» Task item
Leave the pictures out, and transcribe the material below exactly from the line with "Lyst - Whistles" to the line with "Interno della sala del ristorante Mirador", both lines included.

» Data listing
*-*-*

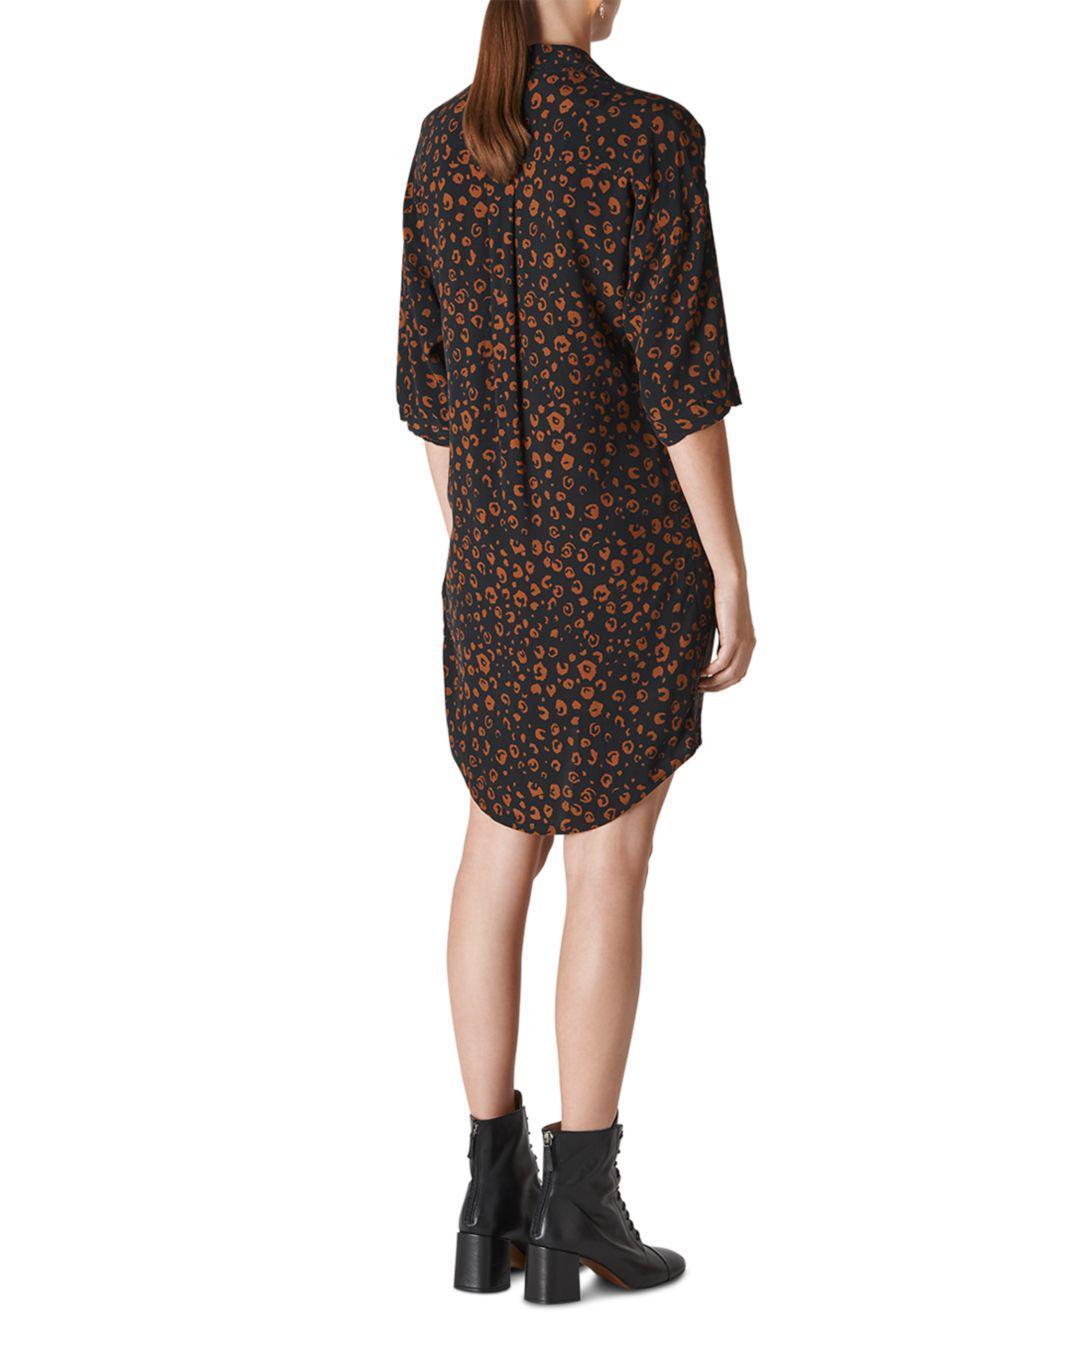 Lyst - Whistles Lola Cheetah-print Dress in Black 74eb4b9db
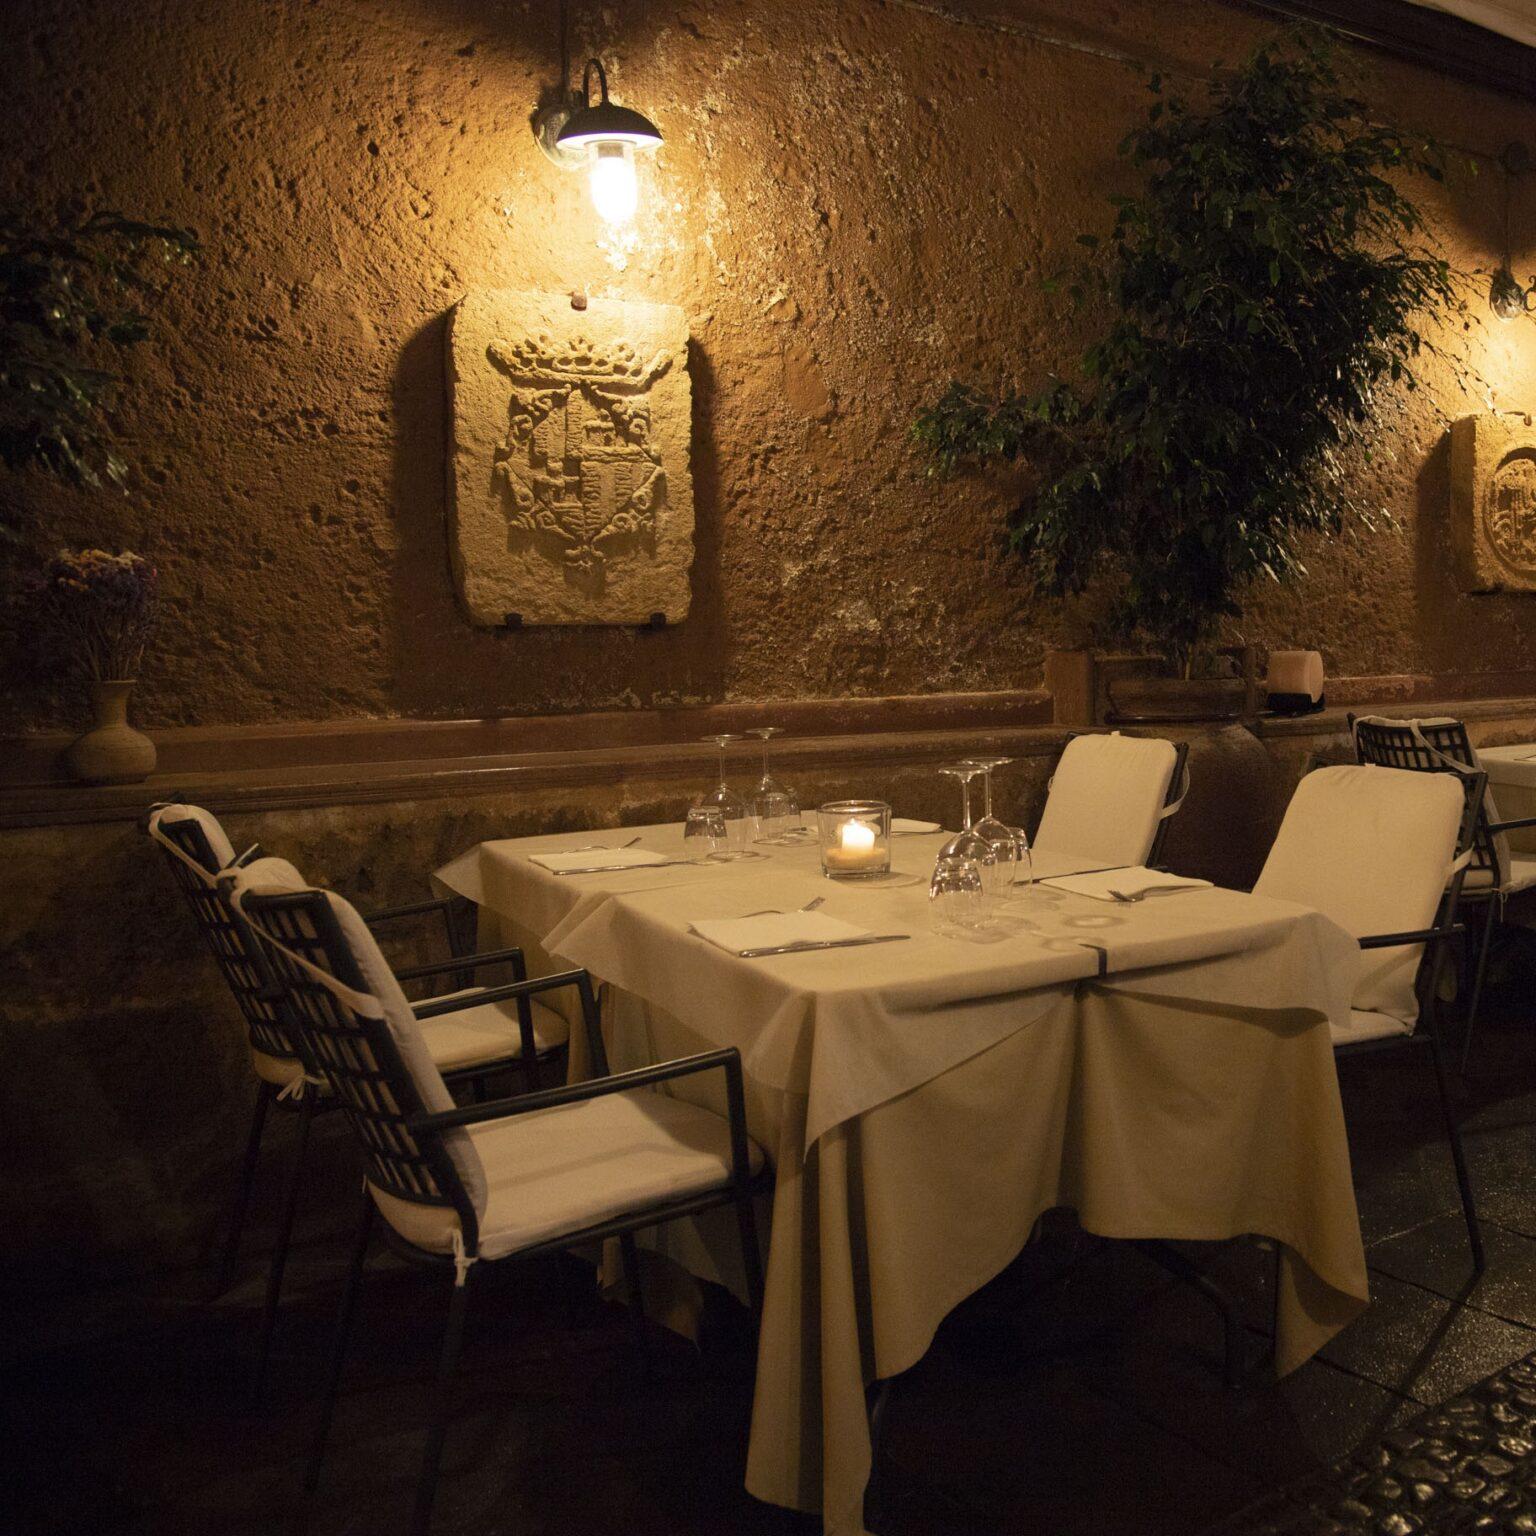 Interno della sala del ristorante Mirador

*-*-*

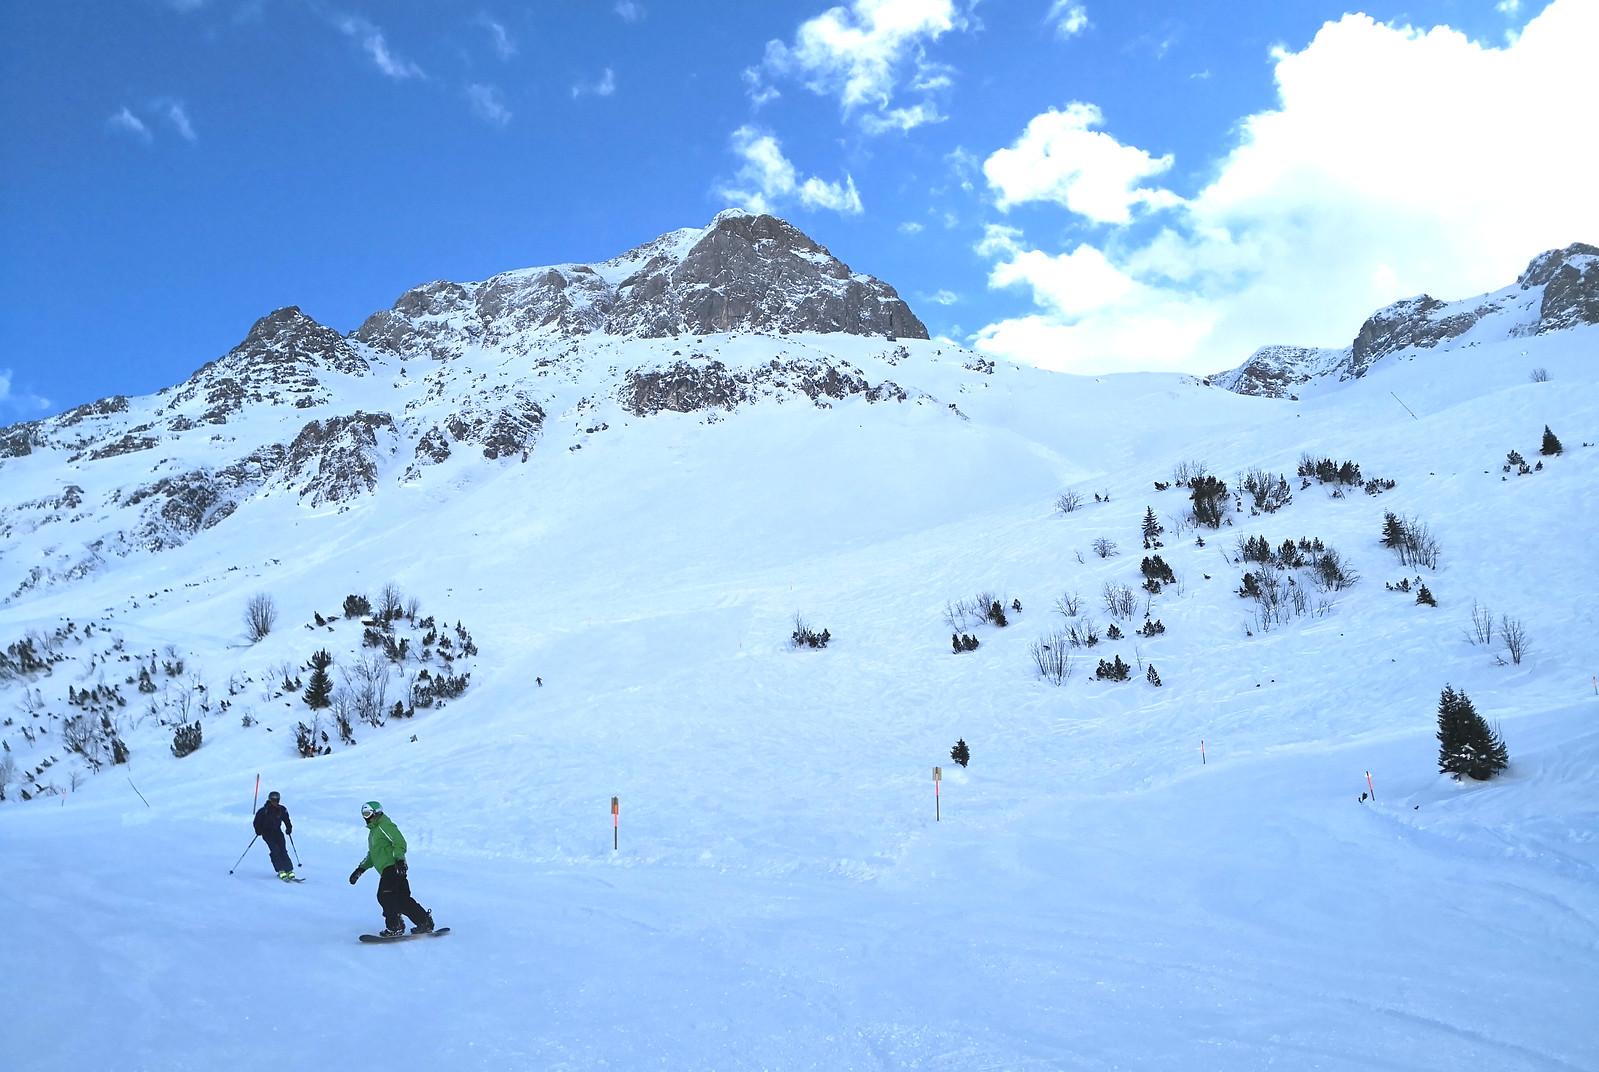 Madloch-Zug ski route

*-*-*

» Written answer
 Lyst - Whistles Lola Cheetah-print Dress in Black 74eb4b9db
 Interno della sala del ristorante Mirador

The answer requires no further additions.